Hey why did ou close the other thread? The smack was jsut starting to flow.

I'll sum up the other post I made then...

Matt Tyhurst will finish behind me, Dietmar will win the day with his MonkeyMaker, 4 300 games will be shot and Mopar McStinger better shoot a 300 because he is a vocal parishoner of the BStinger brotherhood. If he fails to impress the Stinger myth is a hoax. 

That work?


----------



## cath8r (Jan 17, 2003)

Hey is that Miatch as in Biatch? Works for me!


----------



## Wiz w/a Sceptre (Nov 27, 2007)

Gilles spelling,but I will take it. 

Actually it is MAICH (MY-ITCH) as in scratch my itch :shade:

BIATCH work too




cath8r said:


> Hey is that Miatch as in Biatch? Works for me!


----------



## cath8r (Jan 17, 2003)

Thats what they called Matty Tyhurst in jail too. 
You two have an awfull lot in common!

You are both my official soap picker uppers.....

I think we need to start an official smack talk thread...... if I haven't been banned yet...


----------



## ontario moose (Aug 8, 2003)

*This is funny*

wow.. this is funny..

the place is full...

now lets fill AT will a belly full of laughs..

Dave my mistake.. I've also did to cat8tr .. wow what a ko ink key dink..

so my predictions are..

Dave and Rob make the finals..

Dave with his last arrow and a 3 point lead, wipps one into the lights, a repeat of the GRIVTECH seminar causing the main braker to explode leaving the folks in the bowshop with no choice than to run to the streets in sheer panic terror..


GUILLES


----------



## suwat (Feb 1, 2008)

*Cafac*

QUESTION??
Do the folks with just a stick and a string, no stablizer, kiss button, wheels, finger releases, carbon arrows, GPS, level bubbles, etc etc. get any fame and fortune in the published Kudos for our effort???
I am a not tooo good archer but shot 402 last year with a new bow, arrows (enough excuses LOL) 
Butt I (we) tried.
Just kidding had agreat time and will this year also,
See you on the 30th. 
Regards, Bowmanwil


----------



## ontario moose (Aug 8, 2003)

*402*



suwat said:


> QUESTION??
> Do the folks with just a stick and a string, no stablizer, kiss button, wheels, finger releases, carbon arrows, GPS, level bubbles, etc etc. get any fame and fortune in the published Kudos for our effort???
> I am a not tooo good archer but shot 402 last year with a new bow, arrows (enough excuses LOL)
> Butt I (we) tried.
> ...


hey.. you guys gave it your all last year.. good job.. at least that was higher that Rob's score from last year!

sorry Rob..


----------



## Wiz w/a Sceptre (Nov 27, 2007)

Why do you want Matt and I too pick your soap up ...

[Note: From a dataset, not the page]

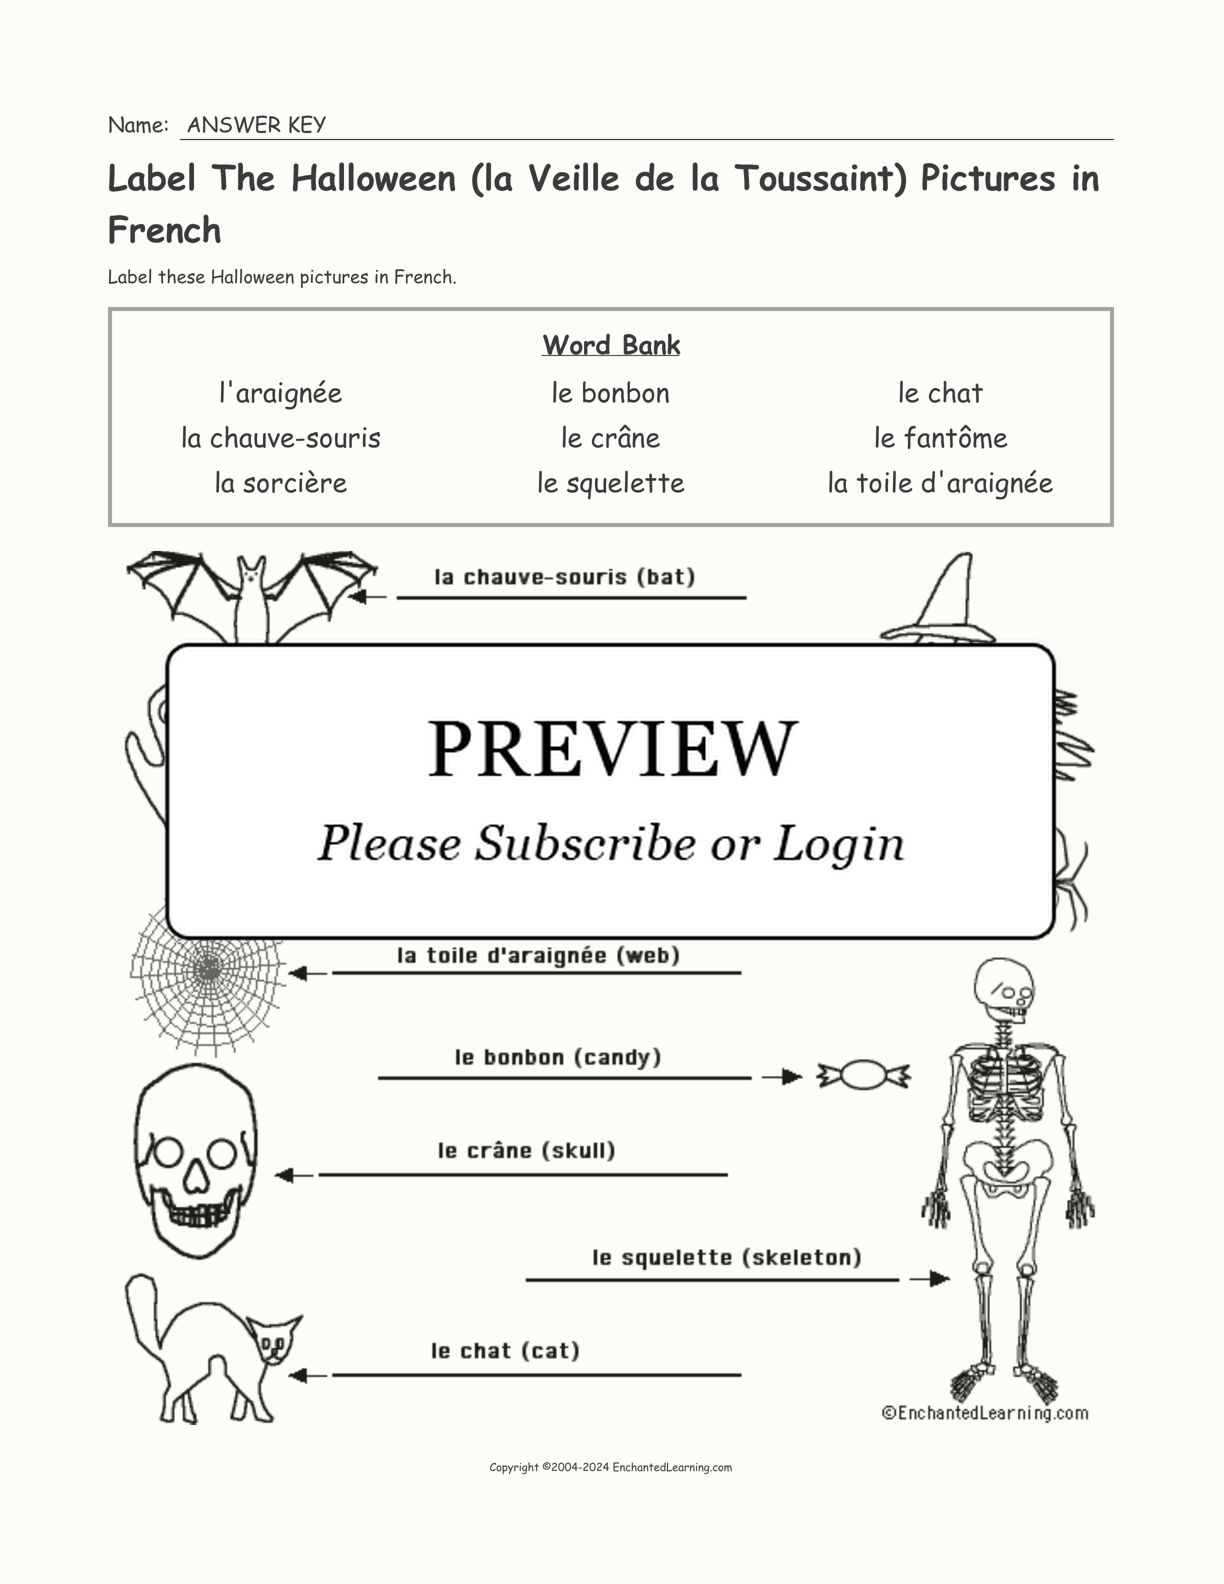 Label The Halloween (la Veille de la Toussaint) Pictures in French interactive worksheet page 2

That is kinda queer of you, don't you think Rob 

I bet you still like HOMOgenized milk also :tongue:








cath8r said:


> Thats what they called Matty Tyhurst in jail too.
> You two have an awfull lot in common!
> 
> You are both my official soap picker uppers.....
> ...


----------



## cath8r (Jan 17, 2003)

Dave, thats sooooo 2nd grade of you. 

Honestly...... I'm embarased for you. I really thought you were better than that. 

**** milk? C'mon.........

All dominant alpha males hump their subordinates. It doesn't make us 'HOMOgenized'. 

You and that other kid know your roles........ besides, I find out tomorrow night if I can attend. You may get a pass........ or maybe not.


----------



## Wiz w/a Sceptre (Nov 27, 2007)

yep 2nd grade all the way, but I see with your initial comment you barele made it out of preschool.


All dominant alpha males hump their subordinates - OK, I will buy that if you are a Lion or other mammal with hair - you have no hair. No hair is a sign of a subordinate, there you go thinking outside of your gender again - don't it hurts. And yes it does make YOU HOMOgenized ....

On a much kinder note, you should go back to work. Your subordiante wife is supporting you : )

Hope to see you at colby. I'm going to work now ; )


----------



## cath8r (Jan 17, 2003)

touche'


----------



## ontario moose (Aug 8, 2003)

*2 spots left on the 9:45 line*

I got 2 locals to move to Friday night.. I might have 2 spots left for the 9:45 line

Gilles


----------



## Stash (Jun 1, 2002)

The OAA website has the dates for this as Feb 5-6, and an OAA IFAA round on Jan 31st.

Maybe someone should let them know? Or has the date been changed?


----------



## ontario moose (Aug 8, 2003)

*Date is jan 30th..*

I e-maiedl Adam and no response..

nothing in Feb.. no OAA IFAA on 31St

Colby Classic JAN 30th!

Gilles


----------



## DarkWolf (Mar 6, 2008)

I had so much fun that I can't wait 'til next year. It's a great event and a great cause with great people running it. Only wish I coulda plunked a few more X's to help!


Shawn


----------